私と花が食べるものは、夫が食べたあとに残してくれるものなのだと。
私は袋の持ち手を握り直した。
「残してもらわなくても、もう、自分たちで食べられるよ」
扉を開けた。
姉と並んで廊下を歩いた。後ろから呼ばれるかもしれないと、肩に力が入っていたけれど、足は止めなかった。
*
数か月後、離婚が成立した。
花に関わることや、暮らしを分けるために必要なことを、一つずつ話して決めた。顔を見れば穏やかに話せるという関係には戻れず、やり取りだけで疲れる日もあった。
それでも、話を終えたあとに帰る場所は、もうあの家ではなかった。
直樹は内勤へ異動した。
収入が減り、以前のマンションを引き払ったと聞いた。
*
小さなアパートで、直樹は母親が持ってきた料理を机に並べた。
容器のふたを開ける。肉も、煮物も、一人では十分すぎるほど入っていた。
いつものようにテレビをつけて、スマートフォンを手に取る。
『頼む。もう一度やり直したい』
しばらくして届いた返事は、短かった。
『戻るつもりはありません。これからの連絡は、花のことだけにしてください』
直樹は画面を見つめた。
料理なら、まだたくさんある。急いで食べなくてもいい。好きなものを最後に残しても、誰にも取られない。
「……遥」
テレビから笑い声が流れた。
直樹は箸を持ち上げたが、そのまま置いた。
目の前には十分な料理があり、向かいには壁があった。
*
新しい暮らしは、楽なことばかりではなかった。
発注の研修で覚えることは多く、仕事を終えると迎えの時間が気になった。姉に助けてもらう日もあったし、夕食を簡単に済ませる日もあった。

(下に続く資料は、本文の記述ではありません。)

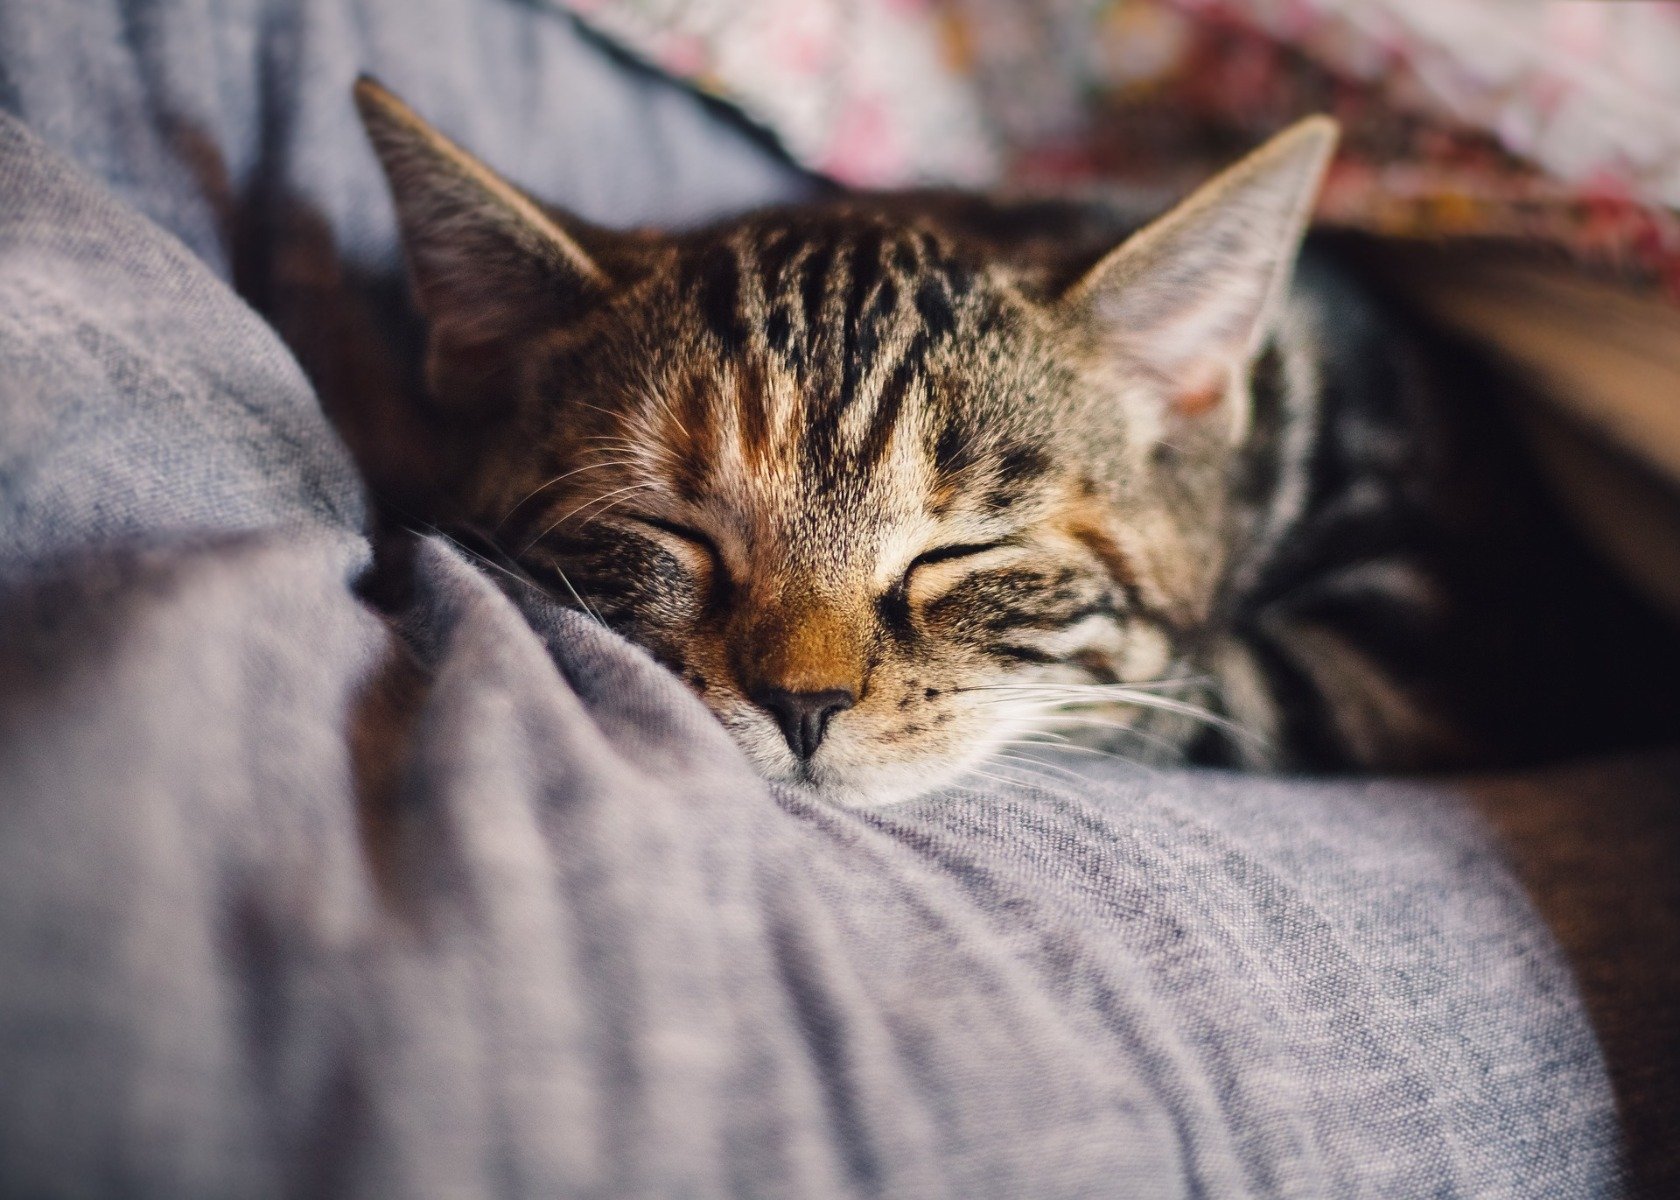 Junge graugetigerte Katze mit geschlossenen Augen liegt in einem menschlichen Arm – wirkt müde oder krank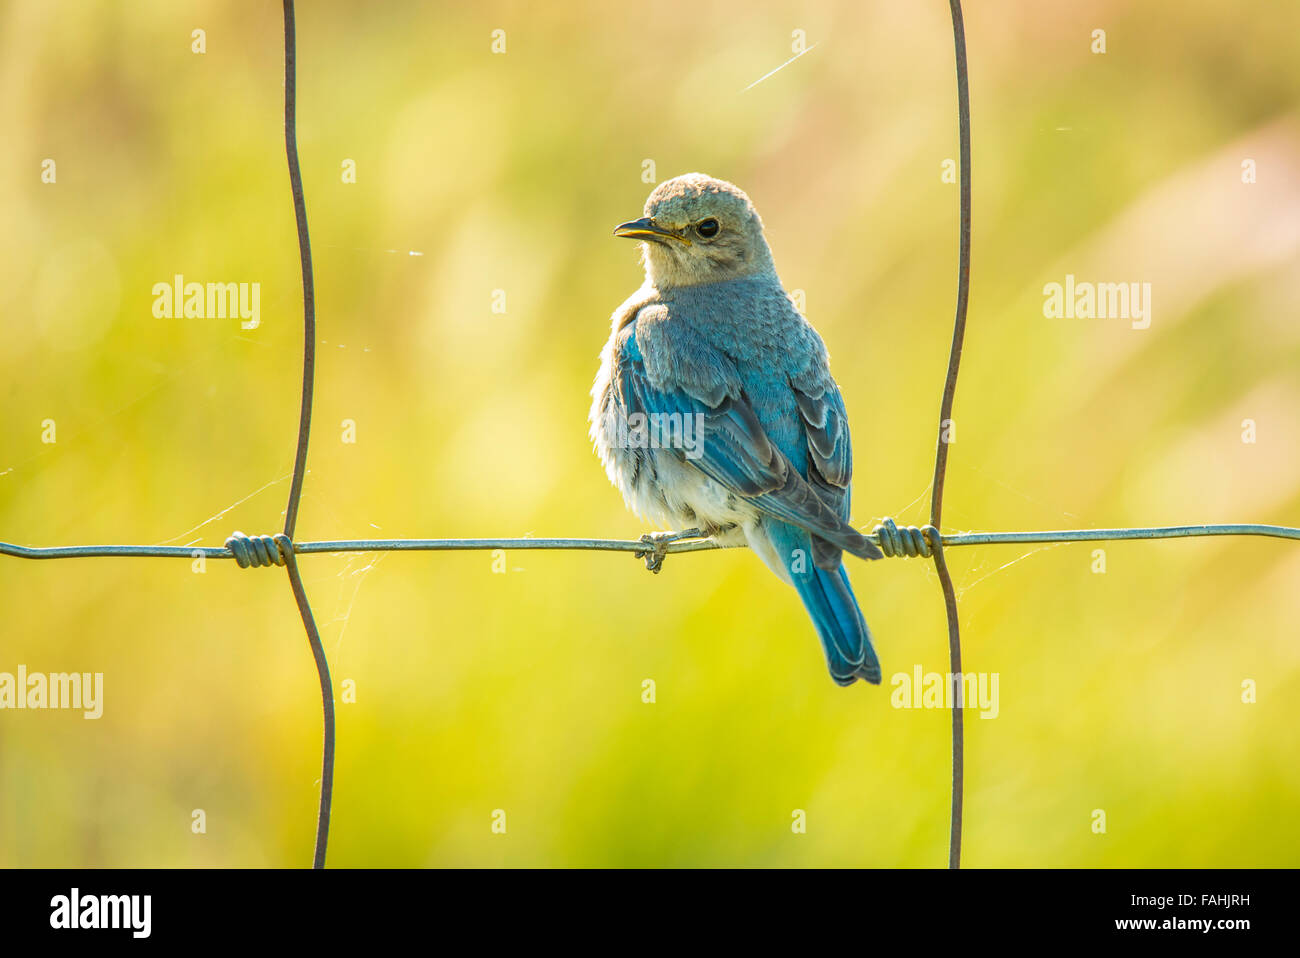 Les oiseaux, Mountain Blue Bird, jeune jeune oiseau bleu perché sur la clôture. Oiseau d'état de l'Idaho, Oregon, USA Banque D'Images

部屋は前より狭い。買い物をするときには、値札をよく見る。
けれど、足りなくなった弁当を朝から作り直すことはなくなった。
制服は、前の晩に掛けた場所で乾いている。予定を決めるとき、誰かの機嫌を確かめなくてよくなった。
花の学校の話を聞く余裕が、少しずつ戻ってきた。
休日、娘とスーパーへ行った。
魚売り場で足を止めると、きれいな切り身が並んでいた。
「今日はママ、焼き魚が食べたいな」
口に出してから、私は花を見た。
「じゃあ、お味噌汁はお豆腐がいい」
「いいね」
二切れの魚と、豆腐をかごへ入れた。
それだけで献立が決まった。
肉に変えなくていい。明日に延ばさなくていい。私が今日食べたいものを、今日、食べられる。
夕方、魚を焼く匂いが小さな台所に広がった。
花が二人分の箸を並べ、私は皿に一切れずつ盛りつけた。
豆腐の味噌汁を運び、娘の向かいに座る。
「お待たせ」
「いただきます!」
「いただきます」
箸を入れると、焼けた皮の下から白い身がほぐれた。
一口、食べる。
香ばしくて、ふっくらして、魚の甘さがした。
「……おいしい」
思わず笑うと、花も笑った。
「ママ、聞いて。学校でね――」
「うん」
花は箸を置いて、両手を広げた。
友達と遊んだときのことを、身振りいっぱいに話し始める。私は箸を止め、娘の顔を見た。
花の皿には、まだ魚が残っていた。
私の皿にも。
話し終えたら、続きを食べればいい。
今日あったことを、ゆっくり聞いてからでいい。
私は味噌汁を一口飲んだ。
まだ、温かかった。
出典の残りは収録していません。